Island Girl
I am not going to question it but I am still feeling okay. And nothing has changed. Everything I went crazy over on Saturday is still the same. None of it has gone anywhere. I don't want to delve too deeply into the whys because I am afraid that I am standing on a very tenuous plateau in this newfound okayness and not solid ground; definitely not solid ground.
I guess in trying to explain it I have to think about myself. I love change. I crave change. I hate feeling stagnant. I hate routine. Not only do I like change; I like changes that I don't make. I like surprises. I like when things don't go the way I thought they would. I like being thrown into situations. I like challenge. I like adventure. All of that makes my life interesting and fullfilling for me. All of that should have set the stage for this illness being all the more exciting and something I should be able to tackle with gusto.
But here's the biggie; I like control. I am a control freak in a way where I like to be able to say when. I like to be able to say the jig is up and curl back into my cocoon. And in this situation, there has been no cocoon to curl into. It's been me out there blowing in the wind unable to see a finger in front of me, soaked to the skin, with no food and no idea when and if I am being rescued. I am Robinson Crusoe or Tom Hanks in Castaway. I need to make the island mine or the island will own me. And that is a slow process.
This experience has me utilising a new skillset; one that I never possessed. Me who likes to spread myself thin and is always late and always in a rush and always says yes and wants to fill her plate with everything now has to be in the moment and take things a little slower. Enjoy what I have right now. Be where I am right now. Don't be a control freak and need to know what's going to happen or orchestrate the future. Am I going to have kids with flippers? Am I going to be able to have children? Am I going to ever find someone who loves me enough to risk having kids with flippers or not at all. Because I don't know if I love me enough for that. Am I going to meet a guy who will be okay with all of my newfound 'special needs?' I don't even completely know what those needs are but I doubt watching someone you love take the amount of drugs I take is ever a big turn on.
I can't go there. There is unknown. This, where I am right now, is known. And I could just as easily be back in remission and all of this hell could just be something I went through in the few years between 29 and 30. Even the bad moments are important to drink in. I never was able to fully appreciate them before. Who would want to. I used everything in my power not to feel them. When Illinois and I broke up after my two miscarriages I don't think I fell asleep sober for months. I couldn't handle being conscious. I couldn't feel my feelings; they were crippling and unbearable. Now when I think about the last two weeks and how for the most part I was in that uncomfortably depressed despondent place, I know I was in it. I think that facing it and processing it was what enabled me to wake up feeling deep-cleaned and depleted and alright on Sunday AM. I was open again. I wasn't bogged down by the effort it took to suppress these awful emotions. I was open and available and able to get joy and feel love from my cousins and then AC and C later on that night. I was still there on my birthday. I am still there now. I am open and available and aware and alive; for the bad, the good and the ugly. Thankfully for as dire as my health situation is (my doctor actually said today, "excuse my language, but you are on a shitload of drugs right now," and then his assistant told me after drawing my blood that after today we need to switch veins for awhile.), that is not my entire universe. I am not stuck on that island. That island is only a tramway away from the rest of the world. And I am now ready to travel.
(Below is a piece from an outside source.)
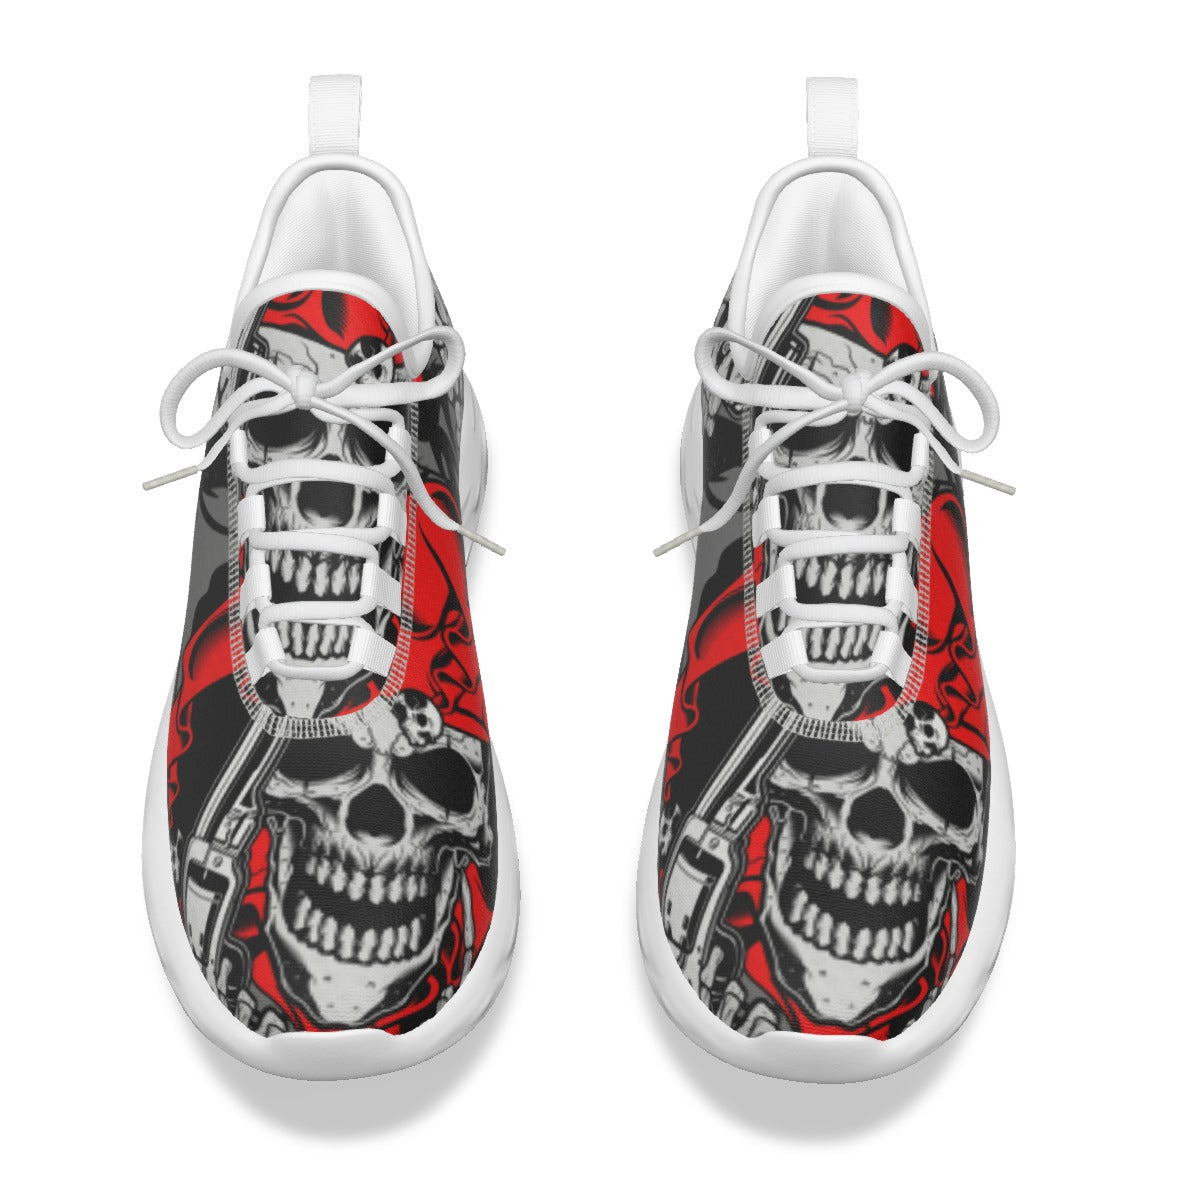 Gothic skull men's shoes

My world is the 'fearless' gold necklace I now wear which is empowered by D., A, V., and BE. They are tangible and with me always, I wear them around my neck to remind myself to be fearless which will enable me to be open to all experiences and life in general and not let the disease infect the rest of my life with fear of the unknown. I am open to spontaneous nights with C and AC at panino'teca, to calling 31 and asking him to walk around the neighborhood with me, to burgers at the Parker Meridien with Twinkle at lunch, to cutting out of work for Bikram yoga as often as I can, to buying the sexiest shoes I have ever seen today, to expanding my lingerie collection, to trying to lure LG to get away from the Hamptons for a night and come see me, to going to Mexico in three weeks with C and trying to get my sister to give me a real hug. My brother can! To seeing my Roosevelt Island peeps as often as humanly possible. To saying yes. And to saying no when I need to.